阮凌政接过瓷瓶,抽开软木塞,从里面倒出一张圈起的白色锦布。展开来一看,只见上面不知道用什么东西的汁液写着四个大字:术州有伏。
阮凌政看完,眉头跳了跳,而后又蹙起眉头问:“送信之人可还在?”
“回皇上,并没有人将此情报送往营中,这瓷瓶是伙房的阿木在陨江边洗菜时捡到的。

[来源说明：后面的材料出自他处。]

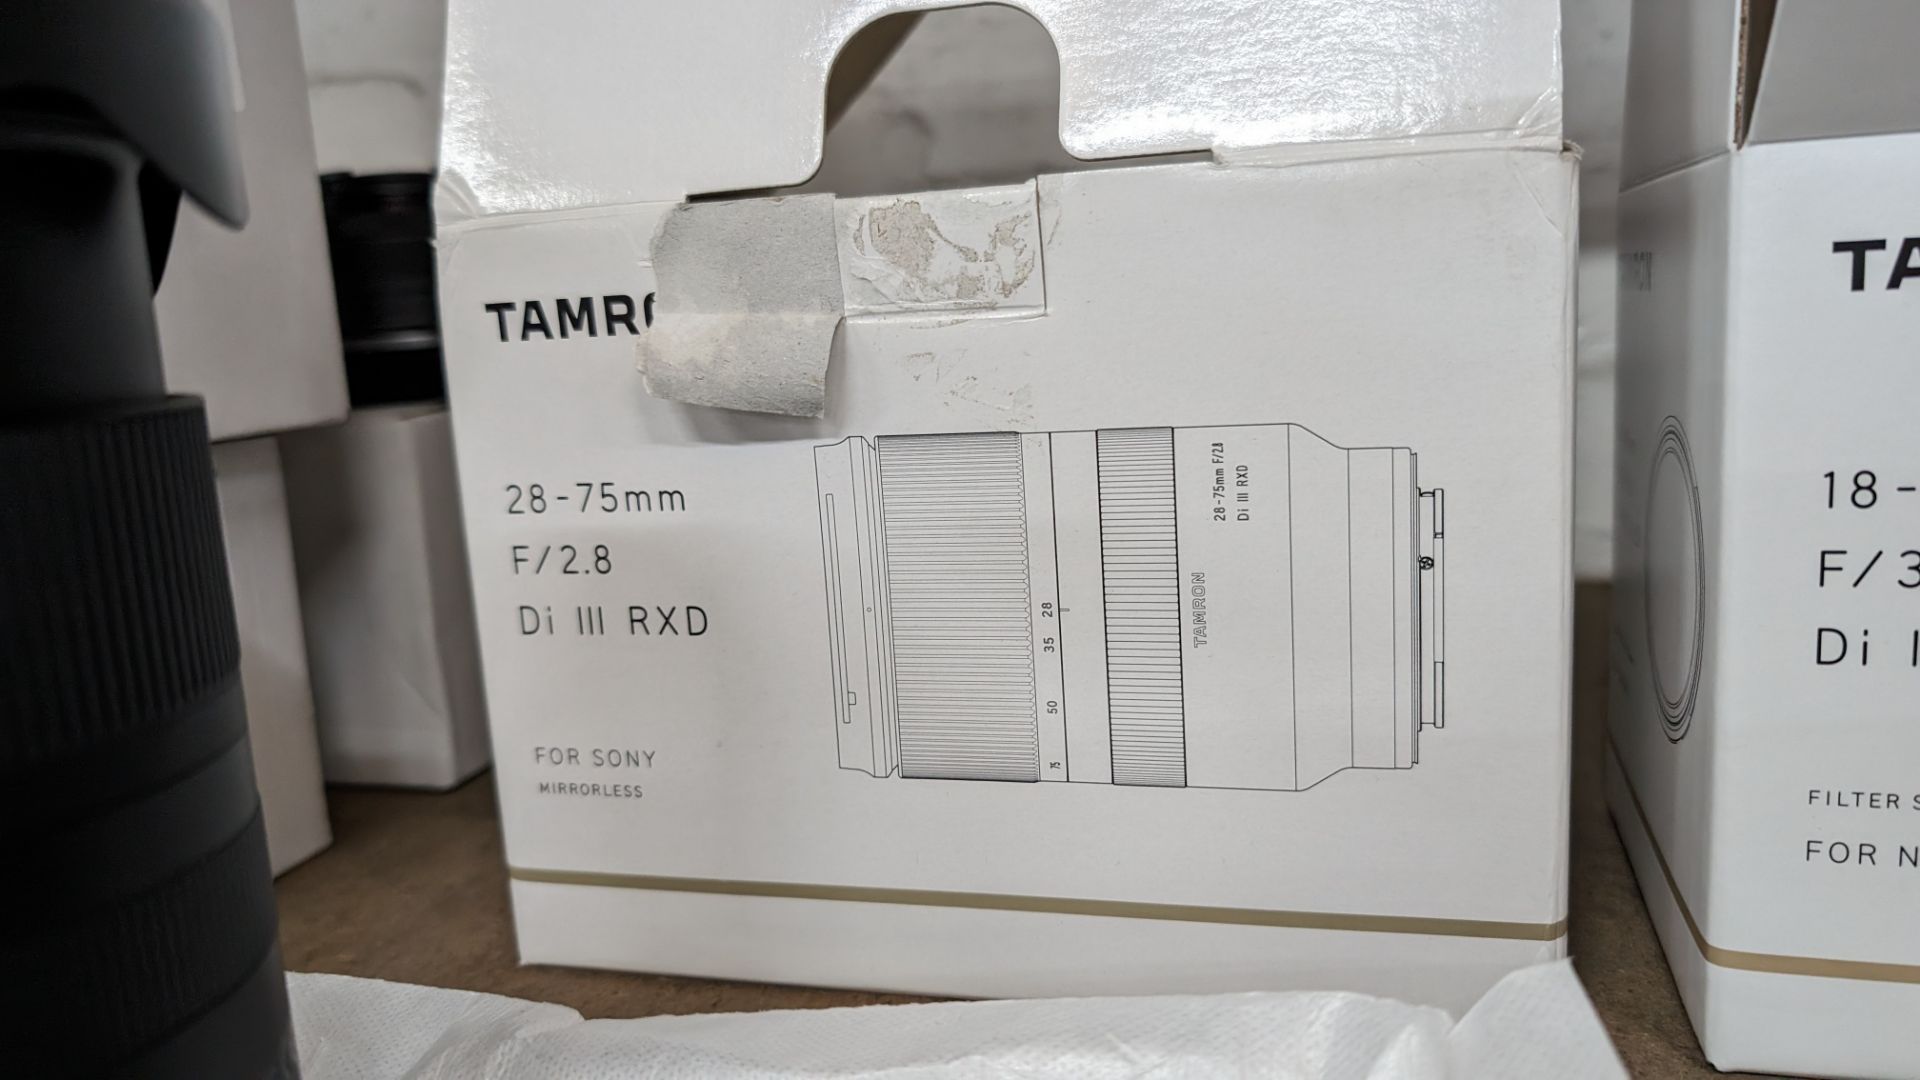 Tamron 28-75mm, lens, f/2.8, Di III RXD. For Sony Mirrorless - Bild 4 aus 7

小人猜想,应该是有人故意将情报放入江中,让其游顺流而下。有意让我们的人拾到的。”
“只此一个?”
“不是,当时发现之后,柯副将立即让一个队的人下江寻找,结果在附近又寻得了三个。”说着,他从衣袖中掏出一叠工整的锦布呈了上去。
阮凌政接过来一看,每一张上面都如手中这张一样,写着:术州有伏。看来这人是想告诉自己---平义王有问题。
“你先下去吧!”阮凌政一挥手,让那名士兵离去,转过身来扫了一眼厅中众人,只见他们正愣愣的盯着自己手中锦布上的字,一时间神色各异。
阮凌政将他们的神色各自记在了心中。他收回目光,深邃的目光盯住沙盘鸣州与术州的营地,在心头缓缓笑了起来,“平义王,朕的好弟弟,究竟是还忍不住了。以为勾结了外邦,与他们来个里应外合,就能置朕为死地了吗?自你封王之后,性情突然大变,就已经开始对你起疑心了。不问朝事,放浪不羁,你以为这样就能麻痹朕了吗?”
就在这时,窗外一个白影一闪,只见一只全身雪白色的信鸽突然扑棱了几下,稳稳地落在了敞开的窗棂上,而它的腿上正绑着一个小巧的信筒。
一名侍卫走上前去熟稔地抓住信鸽,从它腿上解下信筒恭敬的递给了阮凌政。
阮凌政撕掉上面的铅封,展纸条来一看,顿时沉下脸去。
几位将军将领发现阮凌政脸色不对,相互递了了眼神,莫名的变得紧张起来,其中一人大着胆子试探着问:“皇上……发生了何事?”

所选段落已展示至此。